Full Job Description
This role helps define the direction of computational biology efforts across Discovery and continues to adapt this strategy as needs evolve. This is a highly cross-functional role, collaborating with scientists to enable project advancement from early target validation through IND-enabling studies. This position develops tailored analytical approaches for a variety of data types and manages external partners as needed to achieve our goals. Through a combination of hands-on analysis and strategic oversight, this role has the opportunity to directly contribute to the advancement of Denali’s early-stage portfolio.
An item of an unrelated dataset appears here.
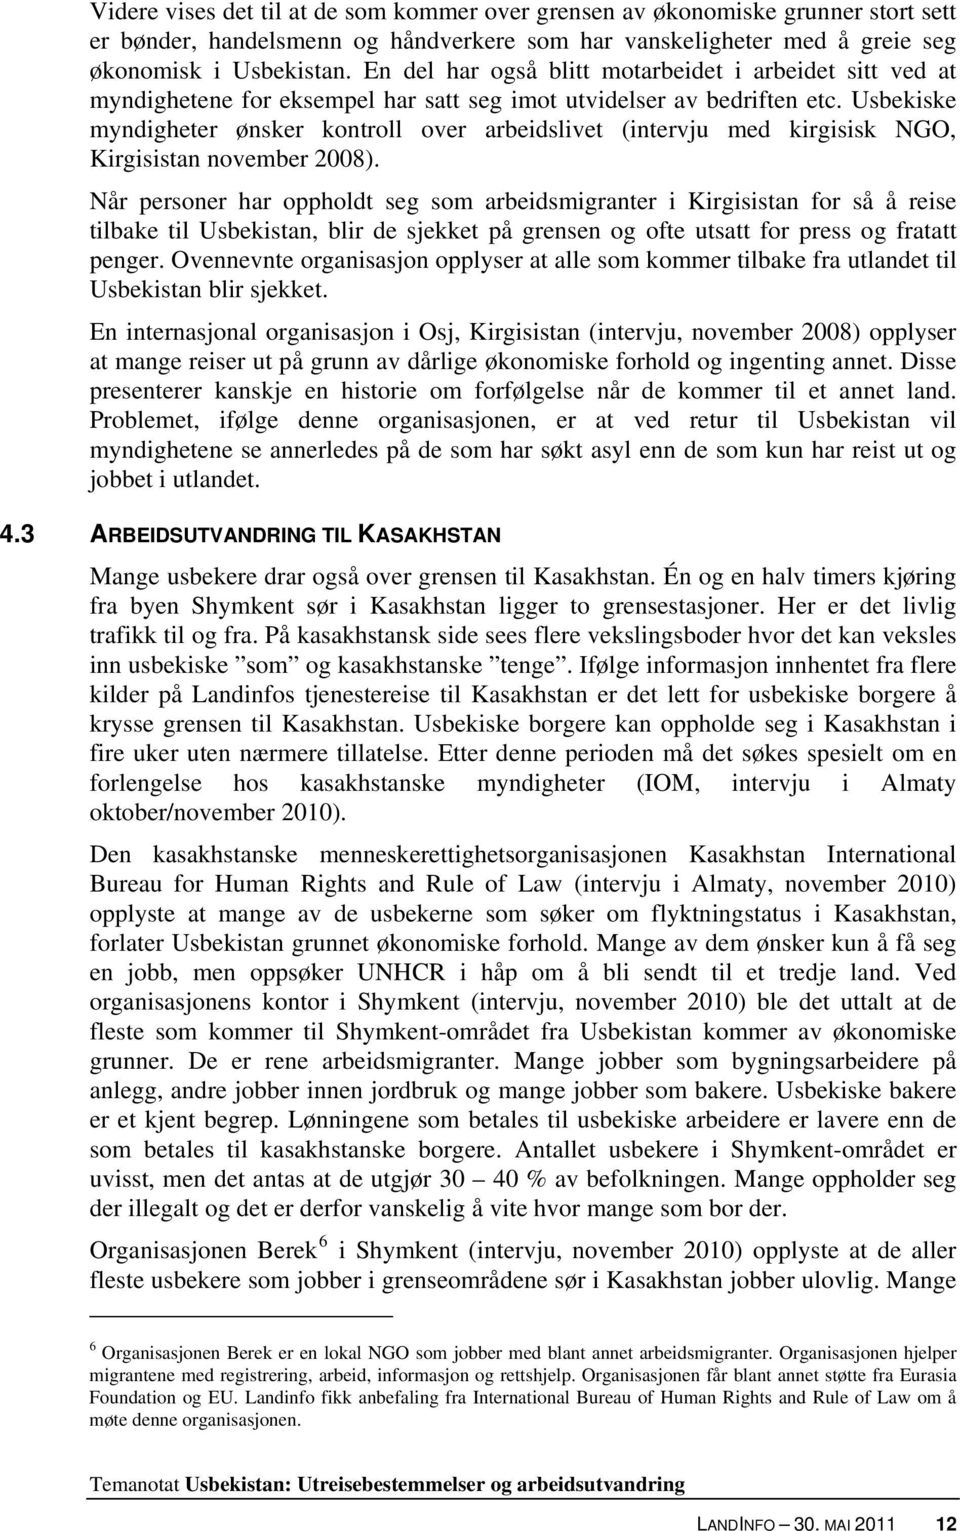 Usbekiske myndigheter ønsker kontroll over arbeidslivet (intervju med kirgisisk NGO, Kirgisistan november 2008).

Key Accountabilities / Core Job Responsibilities
• Serves as the subject matter expert for the analysis of high-dimensional data, including bulk and single-cell/-nucleus transcriptomics data
• Effectively collaborates with scientists across Discovery to design, analyze, and interpret in vitro and in vivo experiments to support projects across the portfolio
• Performs rigorous, reproducible analysis across transcriptomic, genomic, and other high-dimensional datasets, adapting methods to fit the specific scientific question as needed
• Develops and extends internal computational tools and workflows, as well as overseeing external analysis efforts as needed
• Operates as a highly-independent contributor, defining analytical approaches, building solutions where none exist, and validating results with minimal oversight
• Able to build and adapt analysis workflows using AI-assisted approaches while critically evaluating outputs for accuracy and scientific rigor
• Applies best practices to code- and data-management, including workflow orchestration and version control; identifies opportunities for improvement where appropriate
• Effectively communicates results to cross-functional teams and contributes to regulatory filings, patents, and publications
Qualifications/Skills
• PhD in a relevant field such as Computational Biology, Epidemiology, Neuroscience, Statistics, or similar with 3+ years relevant work experience in industry
• Proven track record of analyzing single-cell/single-nucleus RNA-seq data, as evidenced by relevant publications, a deep understanding of relevant statistical methods, and experience using common software tools for analysis (e.g. Cell Ranger, CellBender, Seurat, scanpy, etc)
• Additional experience with other high-dimensional data types (e.g., proteomics, mass spectrometry, human genetics) is a plus
• Extensive experience in R or Python for analysis of high-dimensional biological data
• Knowledge of version control (e.g., Git) and methods to generate analysis reports (e.g., R Markdown, Quarto). Experience building dashboards (e.g., with Shiny) is a plus
• Track record of impactful research, including publications in peer-reviewed journals
• Strong analytical and problem-solving skills, excellent oral and written communication skills
Salary Range: $147,000.00 to $191,000.00 . Compensation for the role will depend on a number of factors, including a candidate’s qualifications, skills, competencies, and experience. Denali offers a competitive total rewards package, which includes a 401k, healthcare coverage, ESPP and a broad range of other benefits. Learn more at https://www.denalitherapeutics.com/careers
This compensation and benefits information is based on Denali’s good faith estimate as of the date of publication and may be modified in the future.